Todo: Learn ERP5 Kernel (Notebook)

Wendelin-ERP5 - Juypter Interface Introduction
  • Note you have to connect to Wendelin/ERP5
  • The reference you set will store your notebook in the Date Notebook Module
  • Passing login/password will authenticate Juypter with Wendelin/ERP5
  • Note that your ERP5_URL in this case should be your internal url
  • You can retrieve it be running erp5-show -s in your webrunner terminal
  • Note, outside of the tutorial we would set the external IPv6 adress of ZOPE

Todo: Getting Started (Notebook)

Wendelin-ERP5 - Juypter Access Wendelin
  • Connect, set arbitrary reference and authenticate

Todo: Accessing Objects (Notebook)

Wendelin-ERP5 - Juypter Accessing Objects
  • Import necessary libs
  • Type context , this will give you the Wendelin/ERP5 Object
  • Type context.data_stream_module["1"] to get your uploaded sound file
  • Accessing data works the same ways throughout [IPv6]:30002/erp5/[module_name]/[id]
  • All modules you see on the Wendelin/ERP5 start page can be accessed like this
  • Once you have an object you can manipulate it
  • Note that accessing a file by internal id (1) is only one way
  • The standard way would be using the reference of the respective object, which will also allow to user portal_catalog to query

Todo: Accessing Data Itself (Notebook)

Wendelin-ERP5 - Juypter Accessing Data Itself
  • Try to get the length of the file using getData and via iterate
  • Note then when using ERP5 kernel all manipulations should be "Big Data Aware"
  • Just loading a file via getData() works for small files, but will break with volume
  • It's important to understand that manipulations outside of Wendelin.Core need to be Big Data "compatible"
  • Internally Wendelin.Core will run all manipulations "context-aware"
  • An alternative way to work would be to create your scripts inside Wendelin/ERP5 and call them from Juypter
  • Scripts/Manipulations are stored in Data Operations Module

Todo: Compute Fourier (Notebook)

Wendelin-ERP5 - Juypter Compute Fourier Series
  • Proceed to fetch data using getData for now
  • Extract one channel, save it back to Wendelin and compute FFT
  • Note, that ERP5 kernel at this time doesn't support %matplotlib inline
  • Note the way to call methods from Wendelin/ERP5 (Base_renderAsHtml )
  • Wendelin/ERP5 has a system of method acquistion. Every module can come with its own module specific methods and method names are always context specific ([object_name]_[method_name] ). Base methods on the other hand are core methods of Wendelin/ERP5 and applicable to more than one object.

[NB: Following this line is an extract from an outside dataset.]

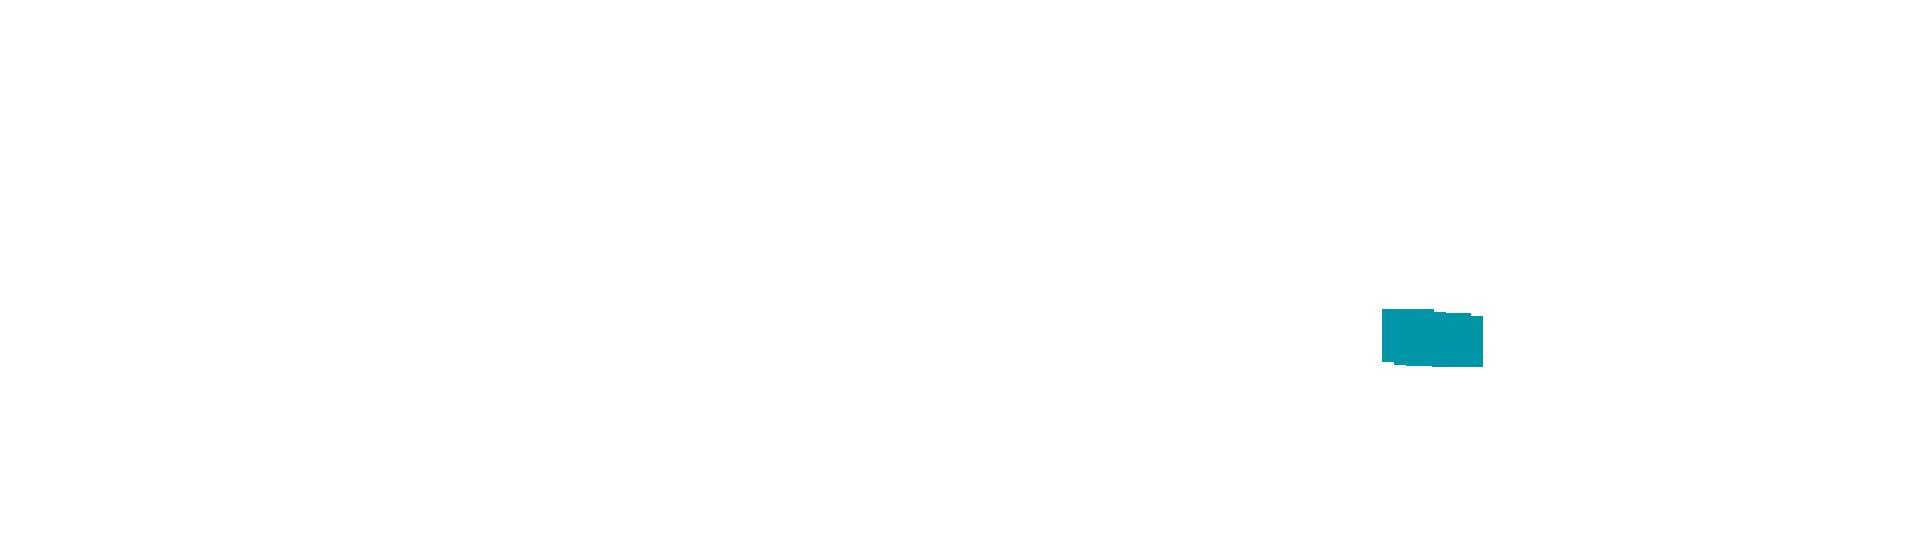 area_1

Todo: Display Fourier (Notebook)

Wendelin-ERP5 - Juypter Display Fourier Series
  • Check the rendered Fourier graphs of your recorded sound file

Todo: Save Image (Notebook)

Wendelin-ERP5 - Juypter Save Image
  • Save the image back to Wendelin/ERP5.

Todo: Create BigFile Reader (Notebook)

Wendelin-ERP5 - Create Big File Class
  • Add a new class BigFileReader
  • Allows to pass out-of-core objects

Todo: Rerun using Big File Reader (Notebook)

Wendelin-ERP5 - Juypter Rerun using Big File Reader
  • Rerun using the Big File Reader
  • Now one more step is out of core compliant
  • Verify graphs render the same
  • We are now showing how to step by step convert our code to being Out-of-Core compatible
  • This will only be possible for code we write ourselves
  • Whenever we have to rely on 3rd party libraries, there is no guarantee that data will be handled in the correct way. The only option to be truly Out-of-Core is to either make sure the 3rd party methods used are compatible and fixing them accordingly/committing back or to reimplement a 3rd party library completely.

Todo: Redraw from Wendelin (Notebook)

Wendelin-ERP5 - Juypter Recover Plot
  • Redraw the plot directly from data stored in Wendelin/ERP5

Todo: Verify Images are Stored

Wendelin-ERP5 - Image Module
  • Head back to Wendelin/ERP5
  • Go to Image module and verify your stored images are there.

Todo: Verify Data Arrays are Stored

Wendelin-ERP5 - Data Array Module
  • Switch to the Data Array module
  • Verify all computed files are there.